Publication year - 2013
Publication title -
anaesthesia
Language(s) - English
Resource type - Journals
SCImago Journal Rank - 1.839
H-Index - 117
eISSN - 1365-2044
pISSN - 0003-2409
DOI - 10.1111/anae.12312
Subject(s) - dexmedetomidine , premedication , medicine , ketamine , anesthesia , sedation , nasal administration , pharmacology
Summary We studied the effects of intranasal dexmedetomidine combined with oral ketamine for premedication in children.
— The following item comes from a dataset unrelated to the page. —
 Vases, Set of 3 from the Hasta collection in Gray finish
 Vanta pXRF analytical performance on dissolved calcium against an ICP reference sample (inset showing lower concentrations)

One hundred and sixty children aged between 2 and 6 years were randomly allocated to one of four groups: 1 μg.kg −1 intranasal dexmedetomidine with 3 mg.kg −1 oral ketamine (Group 1); 1 μg.kg −1 intranasal dexmedetomidine with 5 mg.kg −1 oral ketamine (Group 2); 2 μg.kg −1 intranasal dexmedetomidine with 3 mg.kg −1 oral ketamine (Group 3); and 2 μg.kg −1 intranasal dexmedetomidine with 5 mg.kg −1 oral ketamine (Group 4). Sedation levels 10, 20 and 30 min after premedication were evaluated using a 5‐point sedation scale. A 4‐point emotional state score was used to evaluate patients when they were separated from their parents and their response to intravenous cannulation or facemask application. Approximately 90% of patients readily accepted premedication and onset times of acceptable sedation were similar in all four groups. Patients in Group 4 were significantly more sedated than those in Group 1 after 30 min (p = 0.036). A significantly higher proportion of patients in Group 3 (84%) and Group 4 (87%) accepted intravenous cannulation compared with those in Group 1 (40%) and Group 2 (54%) (p = 0.001). We conclude that the administration of 2 μg.kg −1 intranasal dexmedetomidine and 3 mg.kg −1 oral ketamine was the optimal combination, with children being easily separated from their parent, accepting intravenous cannulation and without causing excessive side‐effects or postoperative complications.